Persistence & Time Travel

Overview

StateGraph automatically saves execution state at every step, enabling powerful features:

🔄 Resume from failures - Restart where you left off
🕐 Time travel - Access any historical state
🌳 Fork execution - Create alternative timelines
💾 Multi-session - Continue conversations across sessions
🧵 Isolated threads - Independent execution histories

Checkpointers

Checkpointers store graph state. Choose based on your needs:

Checkpointer	Storage	Use Case	Persistence
`MemorySaver`	In-memory	Development, testing	Lost on restart
`SqliteCheckpointer`	SQLite file	Production, local apps	Survives restarts

Using MemorySaver

Perfect for development and testing:

from upsonic.graphv2 import StateGraph, MemorySaver

builder = StateGraph(MyState)
# ... add nodes and edges ...

checkpointer = MemorySaver()
graph = builder.compile(checkpointer=checkpointer)

Using SqliteCheckpointer

For persistent storage across restarts:

import sqlite3
from upsonic.graphv2 import StateGraph, SqliteCheckpointer

# Create or open database
conn = sqlite3.connect("graph_checkpoints.db")

checkpointer = SqliteCheckpointer(conn)
graph = builder.compile(checkpointer=checkpointer)

SqliteCheckpointer automatically creates necessary tables on first use.

Threads

Threads organize independent execution histories.
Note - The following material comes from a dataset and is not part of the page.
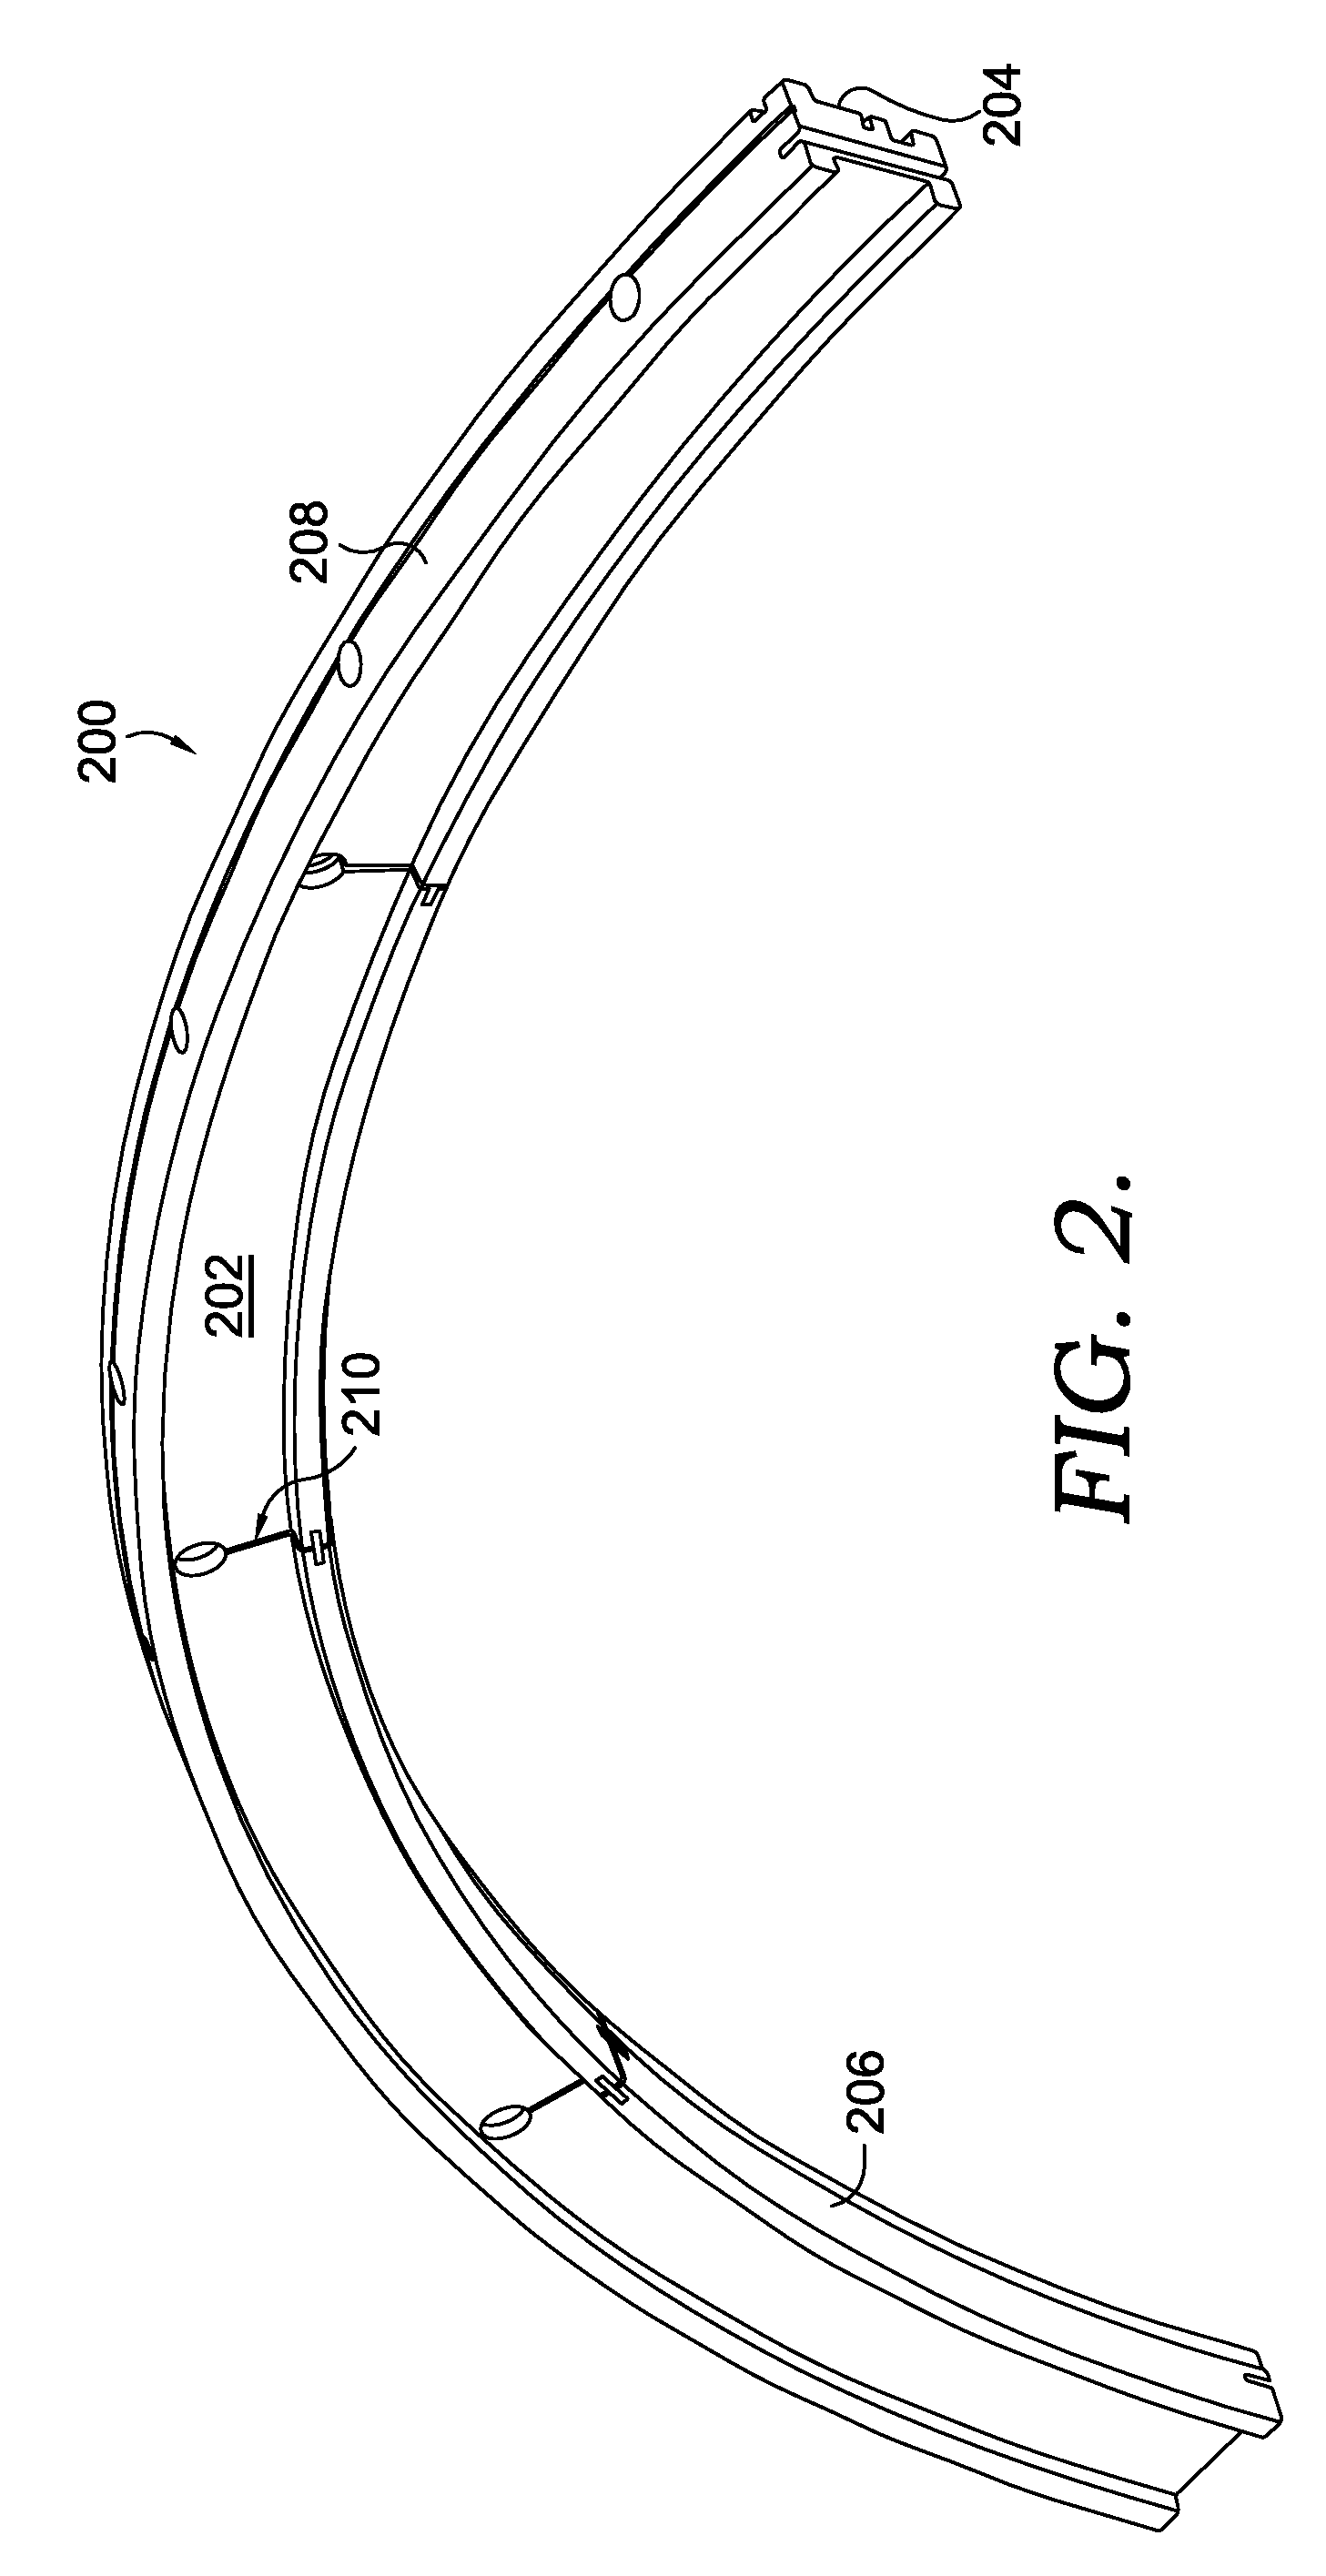 Turbine Static Structure for Reduced Leakage Air

Each thread has its own state and checkpoint history.

Basic Threading

from upsonic.graphv2 import StateGraph, MemorySaver

graph = builder.compile(checkpointer=MemorySaver())

# Thread 1 - User conversation
config1 = {"configurable": {"thread_id": "user-123"}}
result1 = graph.invoke(initial_state, config=config1)

# Thread 2 - Different user
config2 = {"configurable": {"thread_id": "user-456"}}
result2 = graph.invoke(initial_state, config=config2)

# Threads are completely isolated

Use thread IDs that make sense for your domain: user IDs, session IDs, conversation IDs, etc.

Multi-Turn Conversations

Each invocation with the same thread continues from the last checkpoint:

from typing import Annotated, List
from typing_extensions import TypedDict
import operator

class ChatState(TypedDict):
    messages: Annotated[List[str], operator.add]
    turn_count: Annotated[int, lambda a, b: a + b]

def chat_node(state: ChatState) -> dict:
    # Get conversation history
    history = state["messages"]
    
    # Generate response using LLM
    response = model.invoke(history)
    
    return {
        "messages": [f"Assistant: {response}"],
        "turn_count": 1
    }

# Build graph
builder = StateGraph(ChatState)
builder.add_node("chat", chat_node)
builder.add_edge(START, "chat")
builder.add_edge("chat", END)

checkpointer = MemorySaver()
graph = builder.compile(checkpointer=checkpointer)

# Conversation thread
config = {"configurable": {"thread_id": "conversation-1"}}

# Turn 1
result1 = graph.invoke(
    {"messages": ["User: Hello"], "turn_count": 0},
    config=config
)
# messages = ["User: Hello", "Assistant: Hi! How can I help?"]
# turn_count = 1

# Turn 2 - continues from previous state
result2 = graph.invoke(
    {"messages": ["User: What's the weather?"]},
    config=config
)
# messages = ["User: Hello", "Assistant: Hi! How can I help?", "User: What's the weather?", "Assistant: I don't have weather data"]
# turn_count = 2

# Turn 3
result3 = graph.invoke(
    {"messages": ["User: Thank you"]},
    config=config
)
# turn_count = 3

When using checkpointers, you only need to provide new state changes. The graph automatically loads and merges with the previous state.

Getting Current State

Inspect the current state of a thread:

# Get current state
state = graph.get_state(config)

if state:
    print(f"Thread ID: {state.config['configurable']['thread_id']}")
    print(f"Checkpoint ID: {state.config['configurable']['checkpoint_id']}")
    print(f"Current values: {state.values}")
    print(f"Next nodes: {state.next}")

StateSnapshot fields:

values - Current state dictionary
next - List of nodes to execute next
config - Thread and checkpoint IDs
metadata - Additional checkpoint metadata

Time Travel

Access any point in execution history:

Viewing History

# Get last 10 checkpoints
history = graph.get_state_history(config, limit=10)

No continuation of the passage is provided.